About this task: Transcribe the data exactly. Pictures stay out.

Data listing:
▬▬▬▬▬▬▬▬▬▬
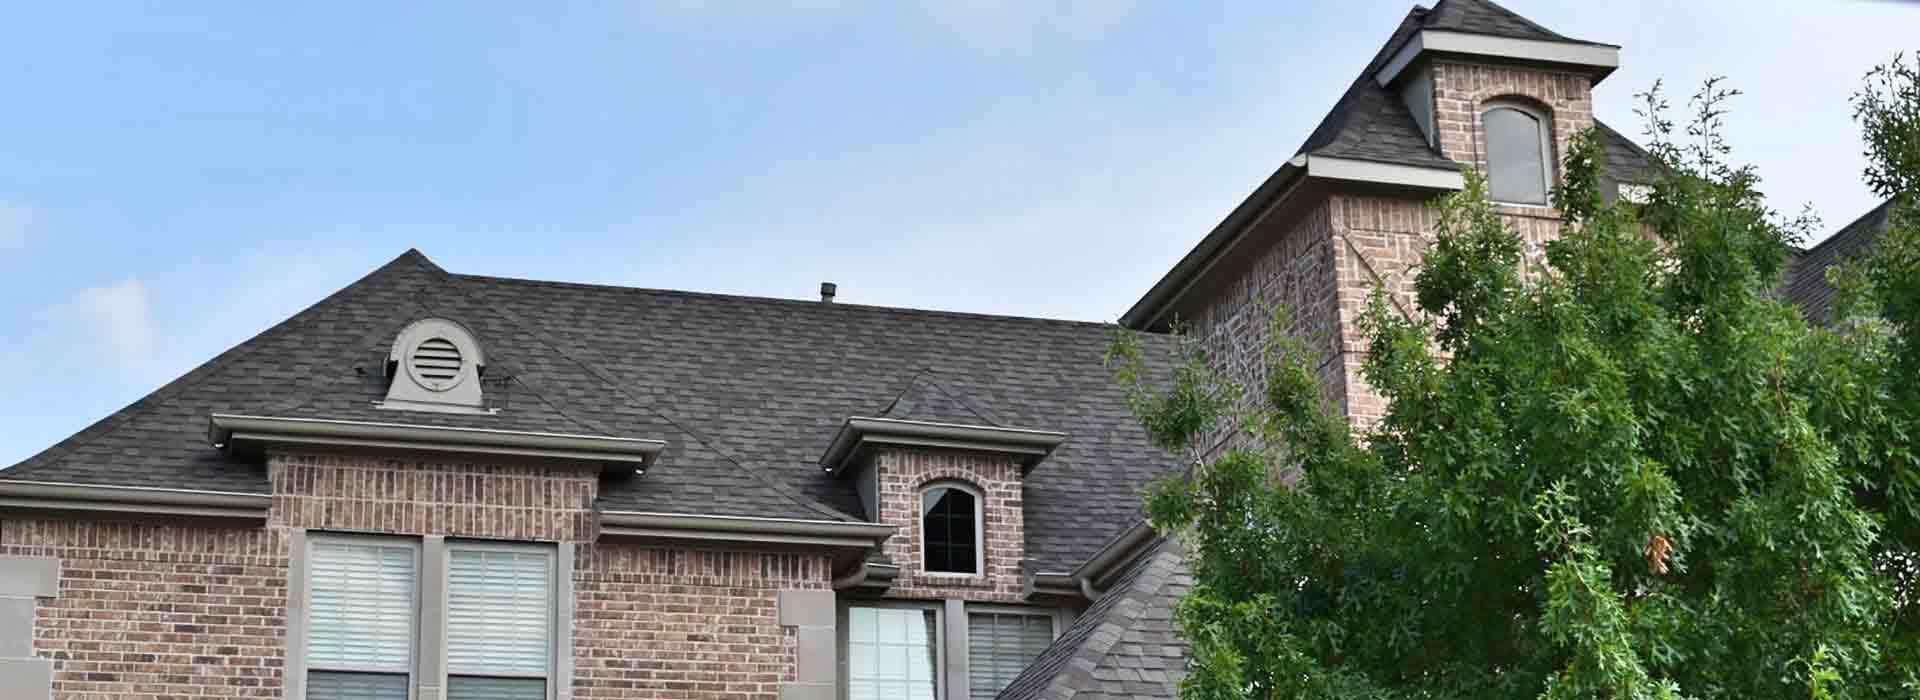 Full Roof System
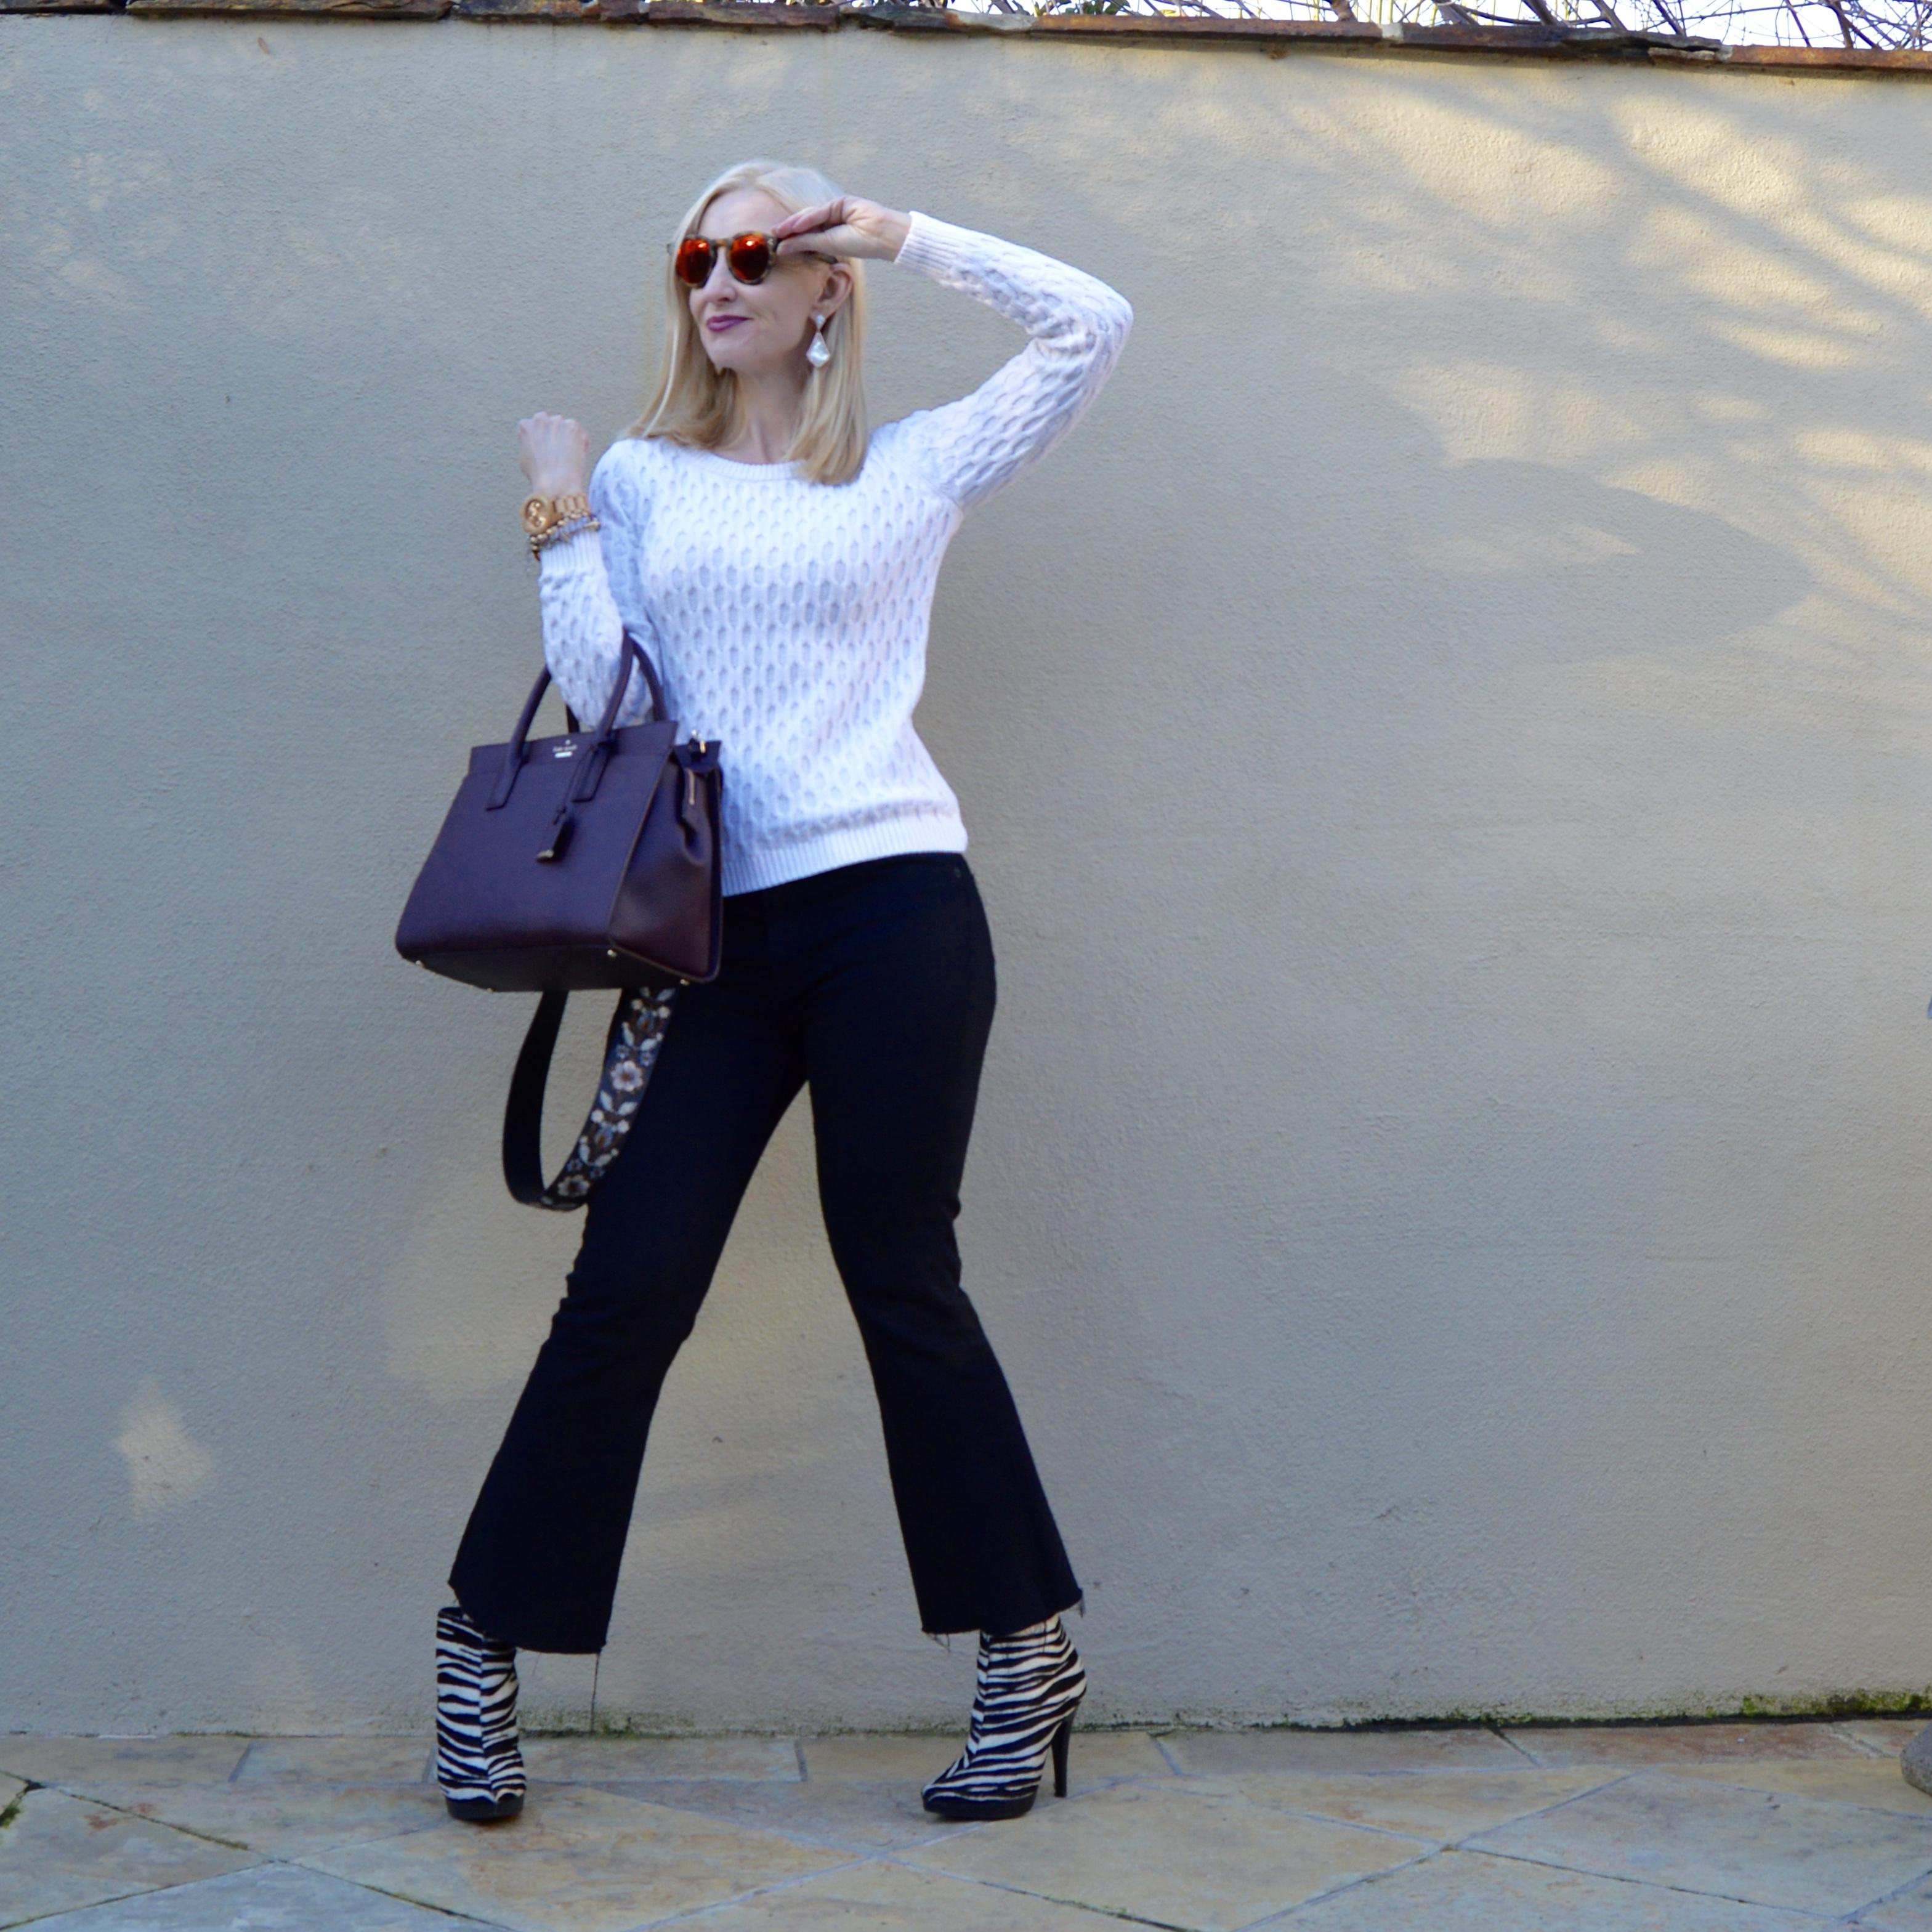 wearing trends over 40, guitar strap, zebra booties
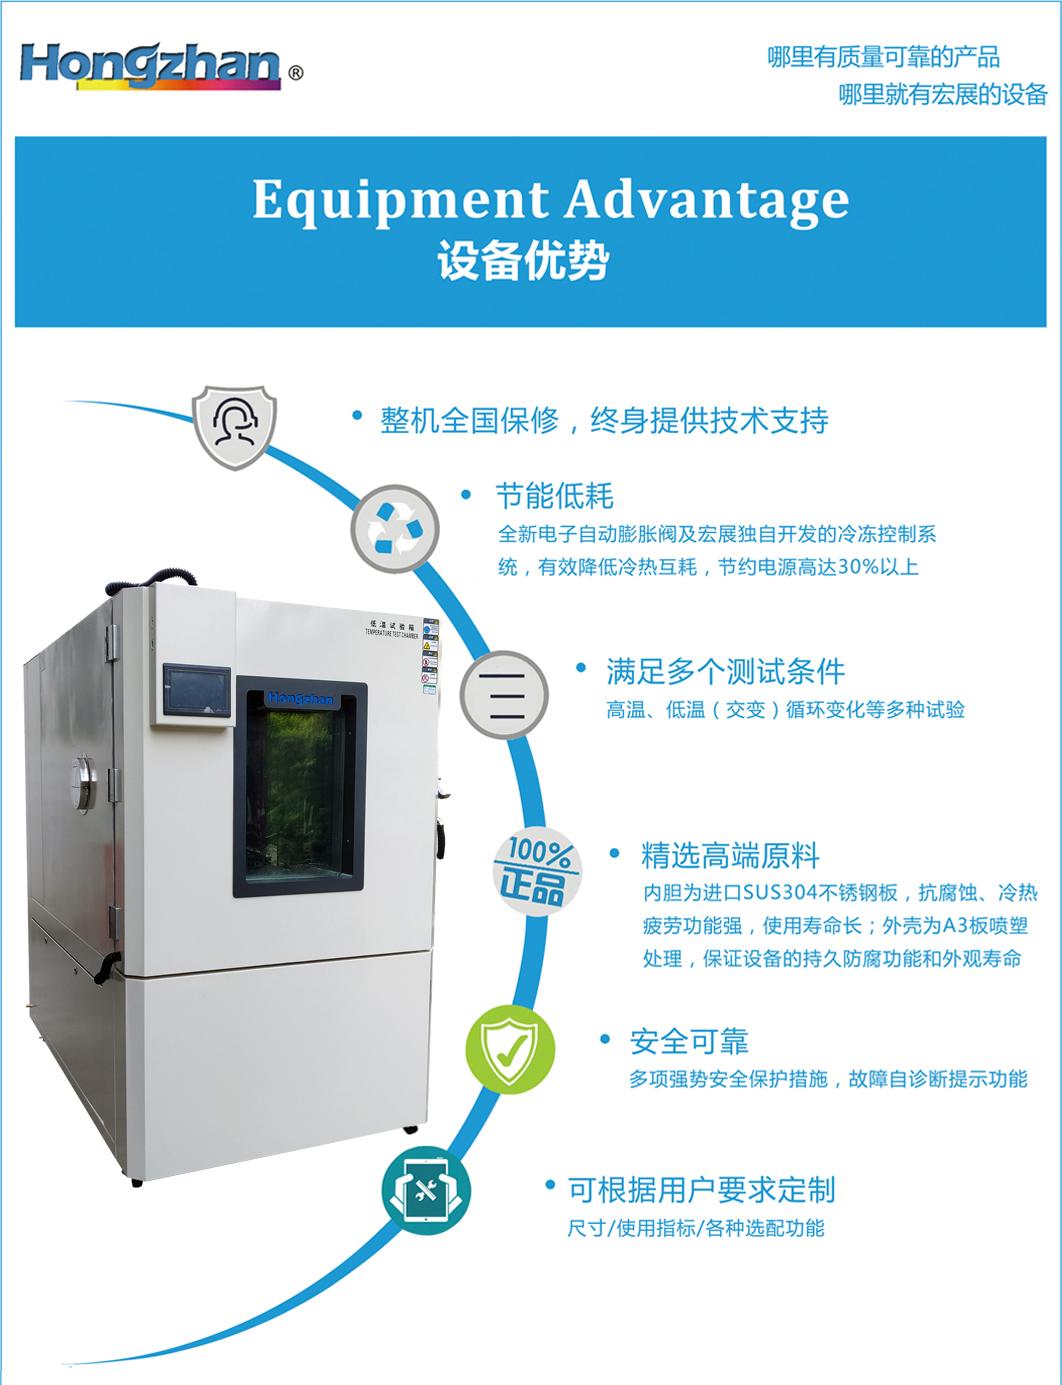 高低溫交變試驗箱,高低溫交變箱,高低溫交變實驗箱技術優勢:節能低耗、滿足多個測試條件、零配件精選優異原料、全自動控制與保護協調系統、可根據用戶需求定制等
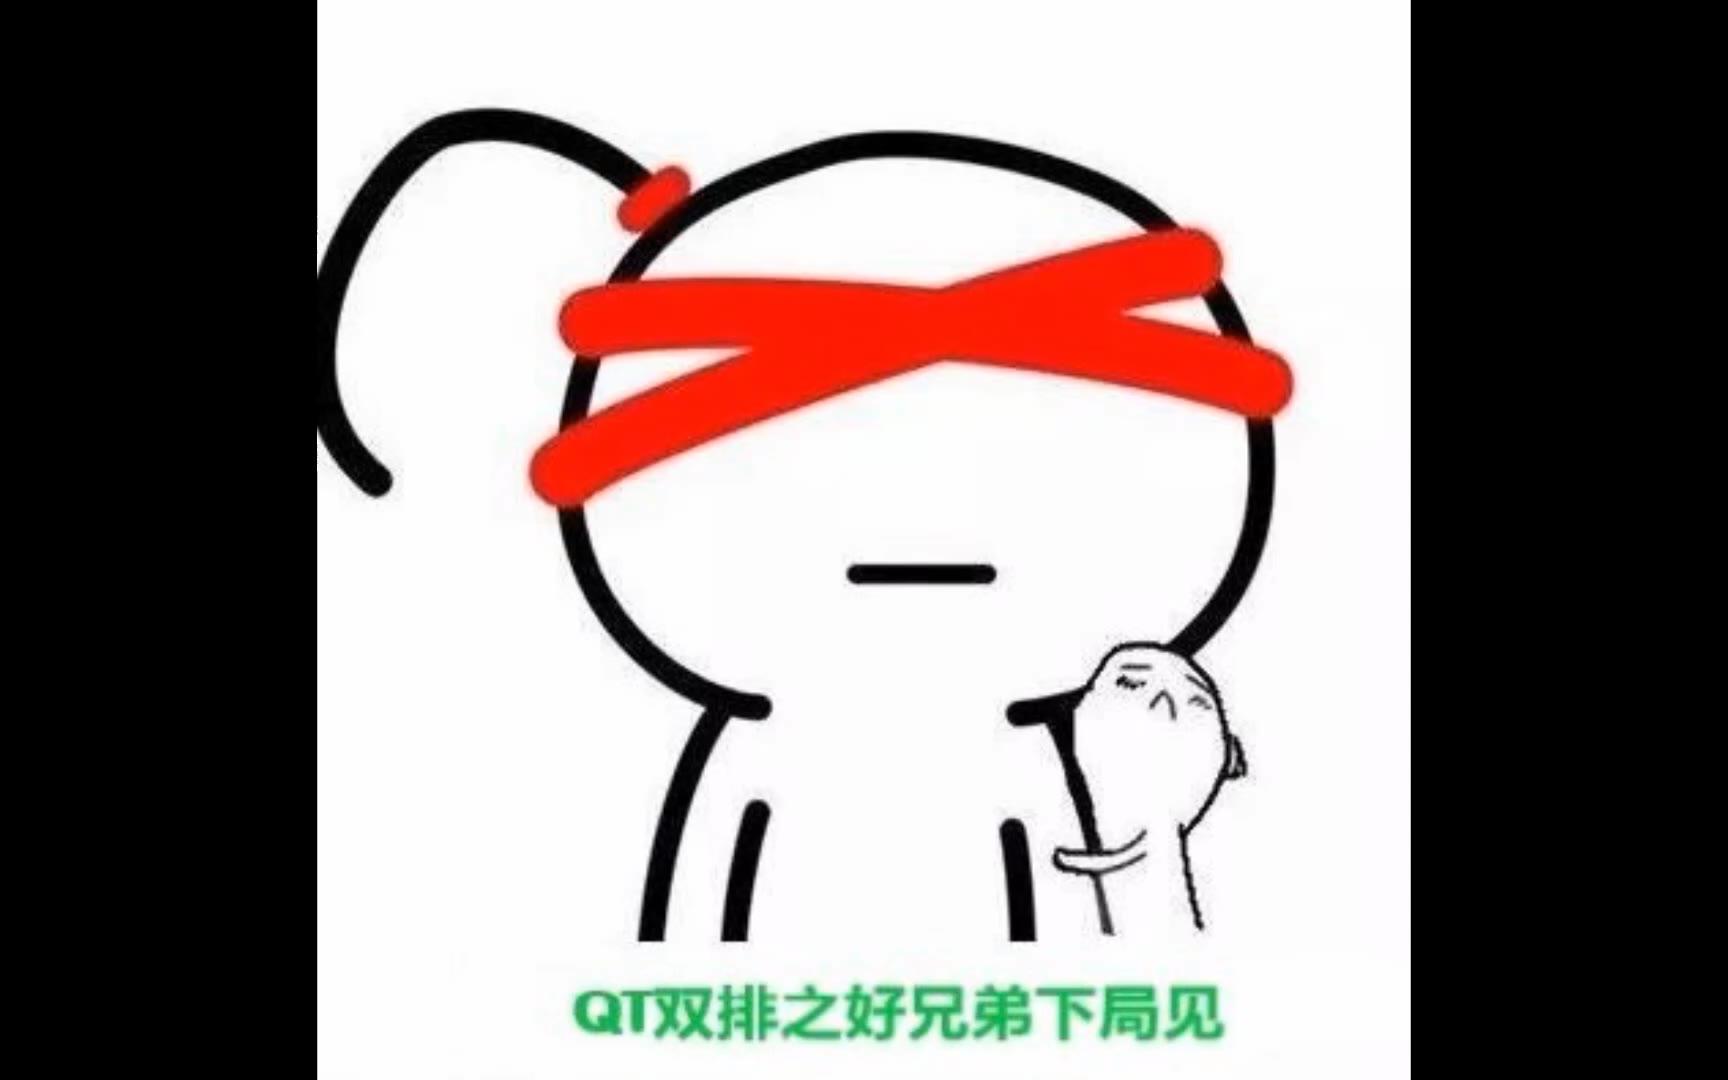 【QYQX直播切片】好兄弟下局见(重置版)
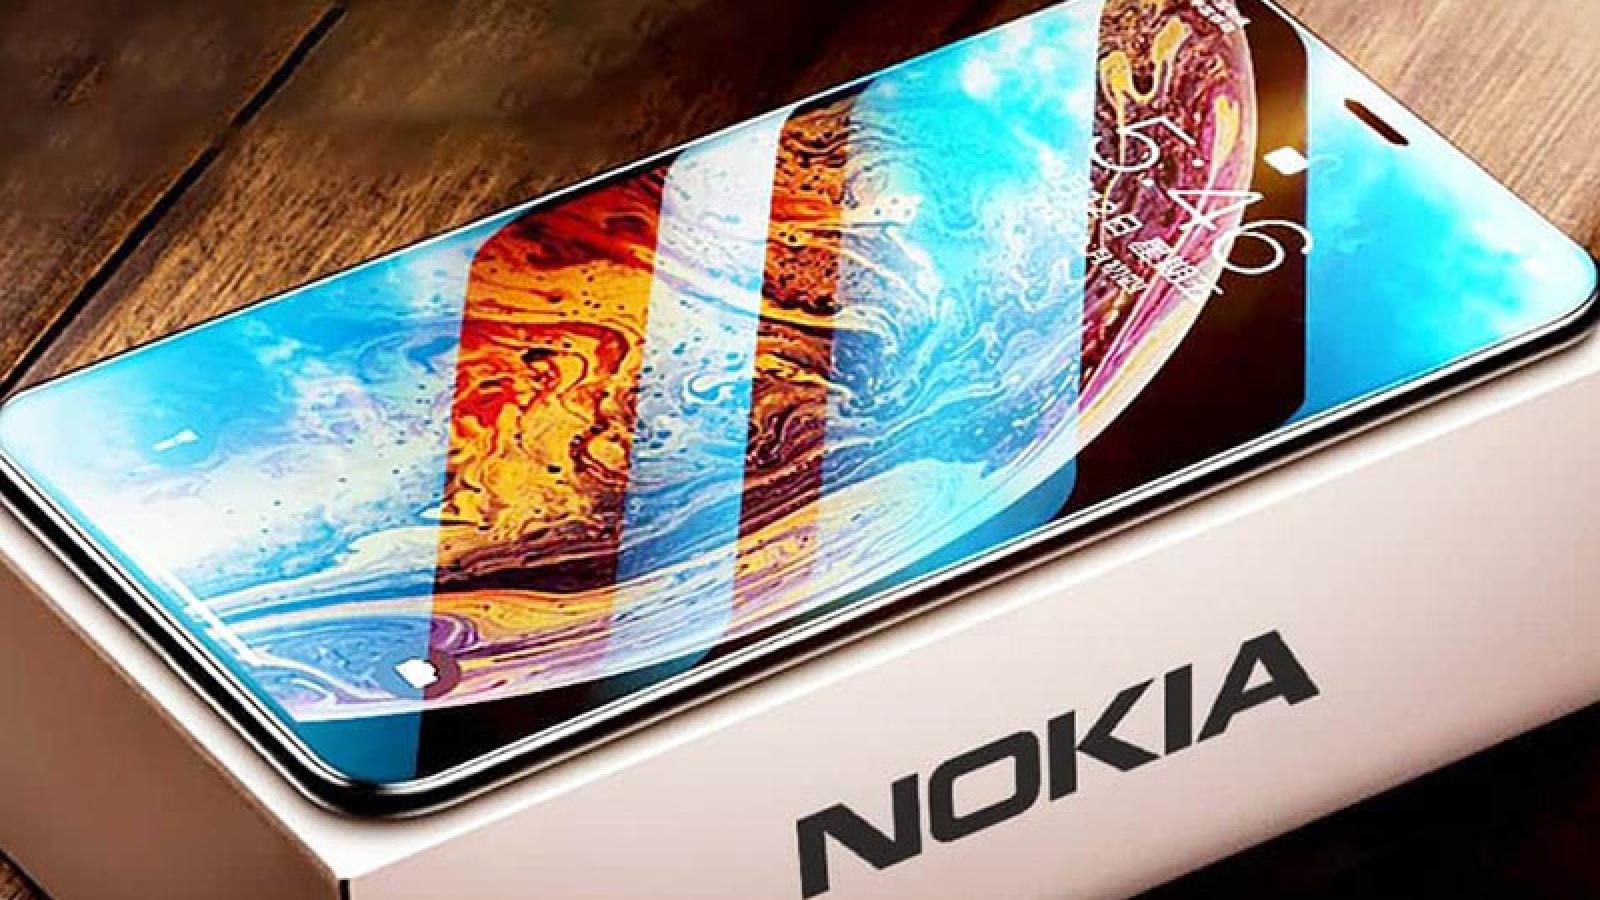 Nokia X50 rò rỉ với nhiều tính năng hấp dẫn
▬▬▬▬▬▬▬▬▬▬
Answer area:
 Full Roof System
 wearing trends over 40, guitar strap, zebra booties
 高低溫交變試驗箱,高低溫交變箱,高低溫交變實驗箱技術優勢:節能低耗、滿足多個測試條件、零配件精選優異原料、全自動控制與保護協調系統、可根據用戶需求定制等
 【QYQX直播切片】好兄弟下局见(重置版)
 Nokia X50 rò rỉ với nhiều tính năng hấp dẫn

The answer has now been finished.